New ACNA Archbishop's Position on Women's Ordination could have Repercussions for Denomination

COMMENTARY

By David W. Virtue, DD
www.virtueonline.org
June 24, 2024

The Rt. Rev. Steve Wood, Bishop of the Diocese of the Carolinas and rector of St. Andrew's Church in Mount Pleasant, South Carolina has been elected the third Archbishop of the Anglican Church in North America at its recent conclave at St. Vincent's College in Latrobe, PA.

He follows in the footsteps of Bishop Robert Duncan and more recently Bishop Foley Beach the first and second archbishops of the ACNA.

What separates the three bishops is their views on the ordination of women to the priesthood. ACNA rejects women being ordained to the episcopacy.

Bishop Duncan affirmed the ordination of women priests when he was Bishop of Pittsburgh. Bishop Beach did not. Beach opposed the ordination of women, unlike his predecessor, but subscribed to the right of each diocese to their own decision on the matter. A majority of ACNA bishops do not ordain women.

Bishop Wood's position is more nuanced. The Anglican Diocese of the Carolinas Policy for Women in Order has supported the ordination of women as deacons and priests in the church, with the provision that women may not serve in the office of rector.

The bishop argued that this provision grew out of their engagement with Scripture which is silent on who may preside at the Table and celebrate Holy Communion while it is not silent on who may assume the teaching/overseeing office of a congregation.

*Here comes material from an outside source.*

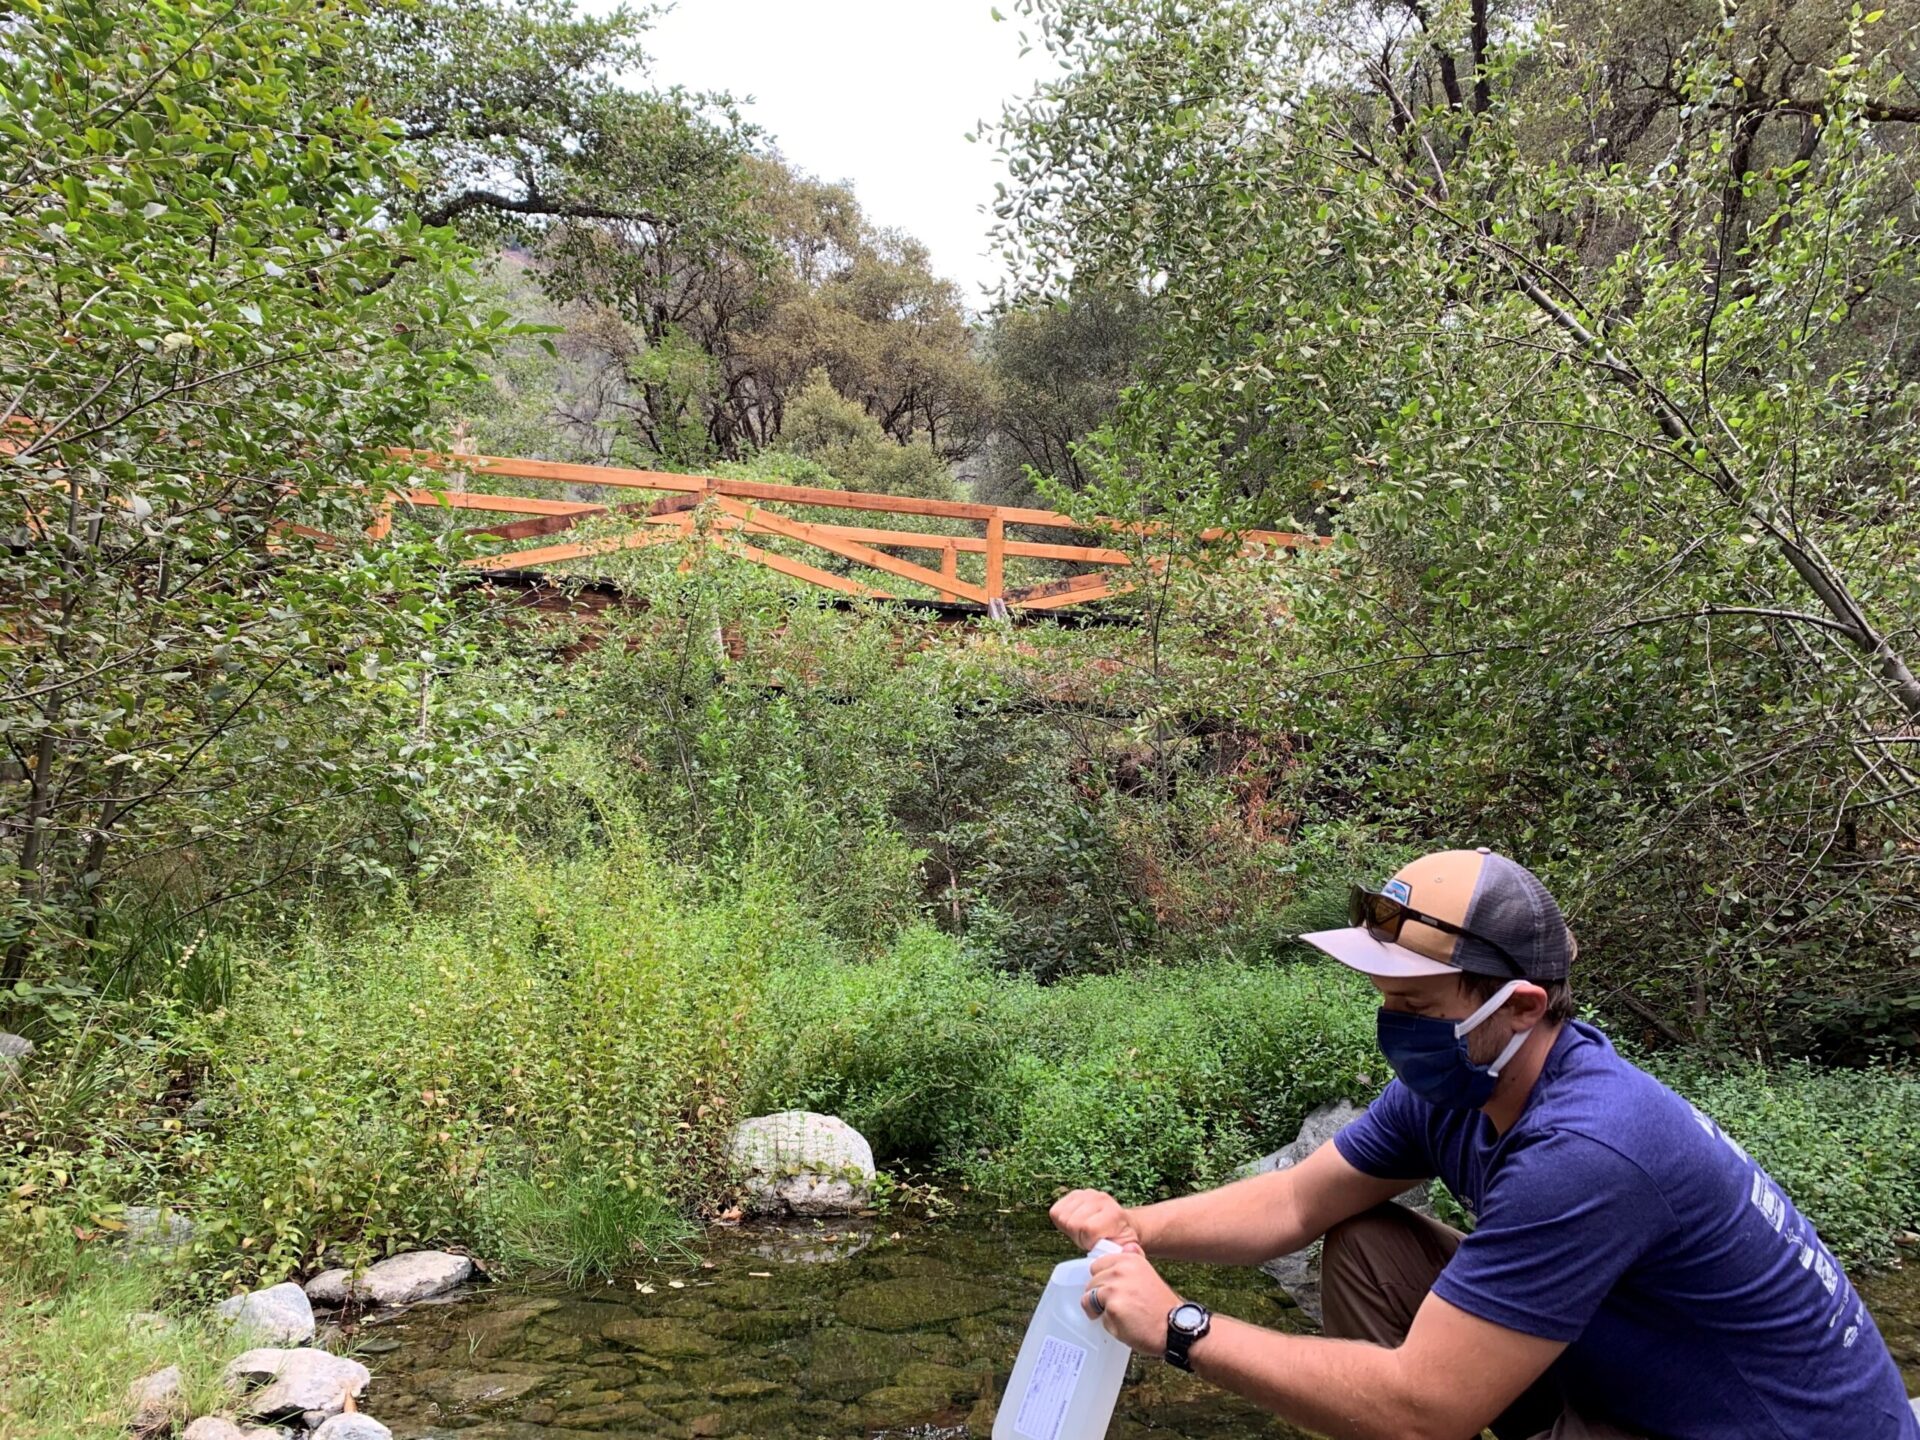 SYRCL Hydrologist, Karl Ronning, conducting River Monitoring at Rush Creek with a mask on

This policy was clearly re-articulated when Southeast PEARUSA churches (PEARUSA was the North American missionary district of the Anglican Church of Rwanda), joined the Diocese of the Carolinas in 2016, along with its provision that no parish will be required to ordain, hire, or conform to a position on the ordination of women that is contrary to their belief or conscience on this matter.

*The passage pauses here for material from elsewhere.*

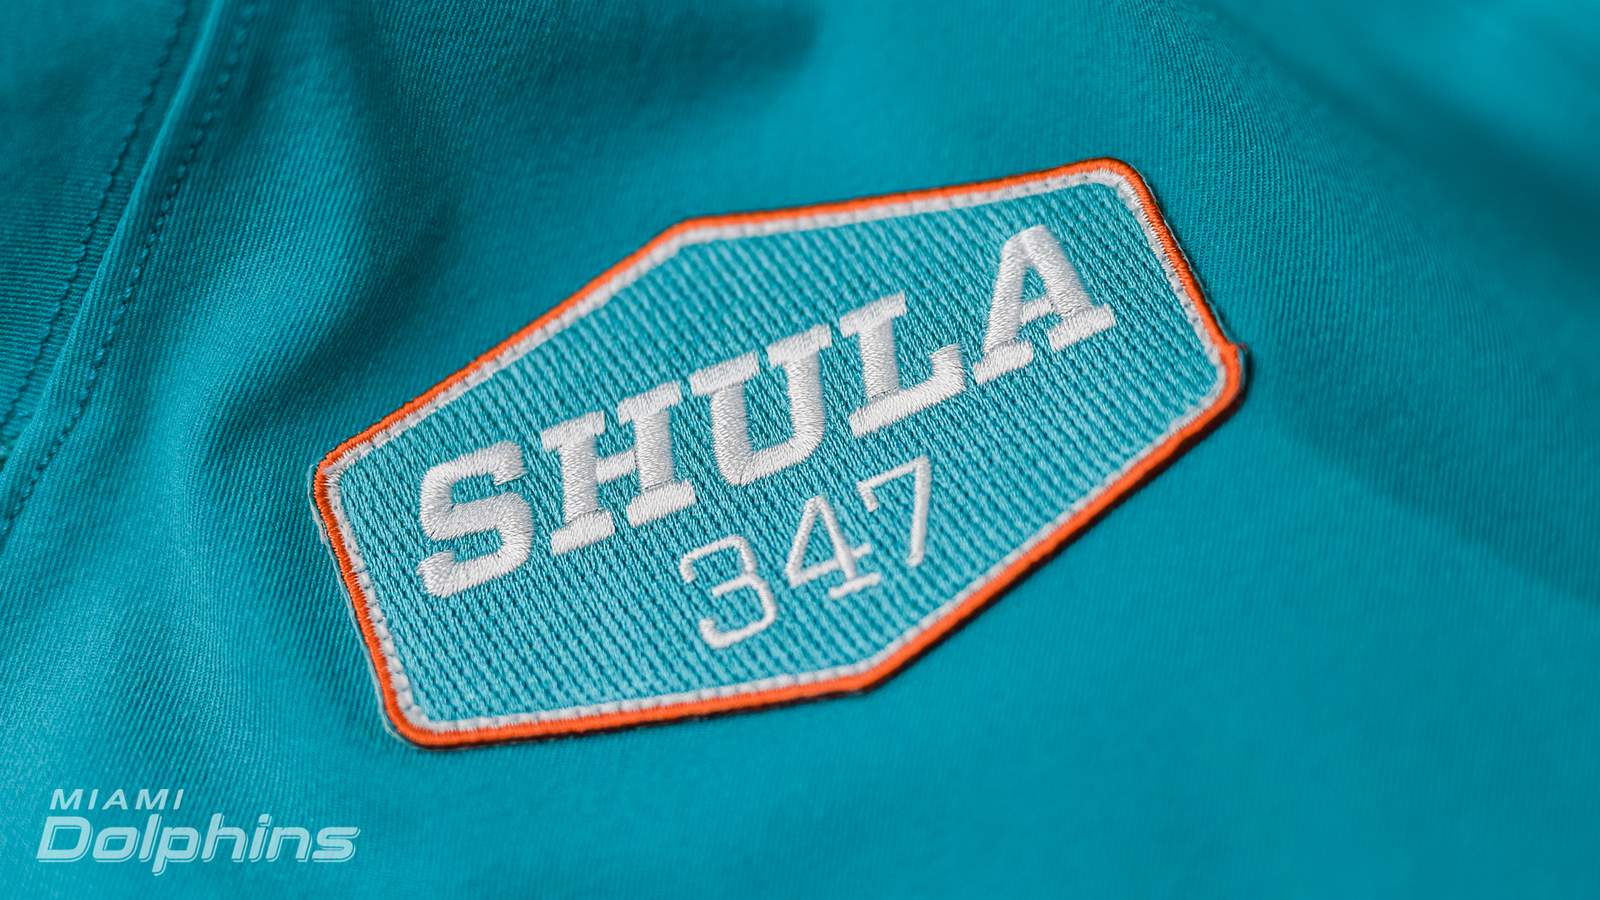 Check out the Don Shula patch that will be on the Dolphins uniforms

Alice Linsley a cultural anthropologist, former Episcopal priest who renounced her orders as a priest after extensive biblical scholarship, told VOL that the weird constraints placed on ordained women in Bishop Steve Wood's diocese are the result of an unbiblical doctrine called "male headship."

"Both women and men can be in authority, but not serve in the same roles. In the biblical texts, women of authority are not named as frequently as men of authority simply because the Hebrew were a caste of ruler-priests and women never served as priests. To be right believing means to uphold the received tradition in full. That tradition never involved females at the altar or men in the birthing chamber. Women and men have different roles in God's plan and design."

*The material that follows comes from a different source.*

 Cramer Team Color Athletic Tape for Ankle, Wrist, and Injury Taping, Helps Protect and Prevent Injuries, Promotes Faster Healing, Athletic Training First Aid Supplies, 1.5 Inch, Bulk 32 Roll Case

"To understand the gender balance of the early Hebrew, we must dismiss the false narrative that their social structure was patriarchal. The traits of a patriarchy do not apply to the biblical Hebrew from whom we receive the earliest elements of the Messianic Faith we call "Christianity." There were Hebrew women of authority. Line of descent was traced through high-status wives, especially the cousin brides. Residential arrangements included neolocal, avunculocal, matrilocal, and patrilocal, and the biblical data reveals that the responsibilities and rights of males and females were balanced, yet distinct."

Linsley said the priesthood of the Church emerges from the oldest known priesthood, that of the early Hebrew ruler-priests (4200-2000 BC). "It is a received tradition and sacred unto God. Only males offered blood sacrifice at the altars. Women were not permitted in the area where animals were sacrificed. Likewise, men were not permitted in the birthing chambers where women shed blood in childbirth. These distinct types of blood work speak of death and life and the two were never to be confused. Therefore, the blood work of the Hebrew priests and the blood work of the Hebrew women never shared the same space. That received tradition must be preserved because it speaks of divine mysteries."

Women's ordination remains the elephant in the sacristy. It has the ability to tear the ACNA apart if Anglo-Catholics and those evangelical bishops and clergy who reject WO decide it is a bridge to far to remain in.

In the 15 years since the ACNA was born from the revisionist body of TEC, the issue has not gone away. It continues to fester. Only time will tell if it can be resolved to the satisfaction of all parties.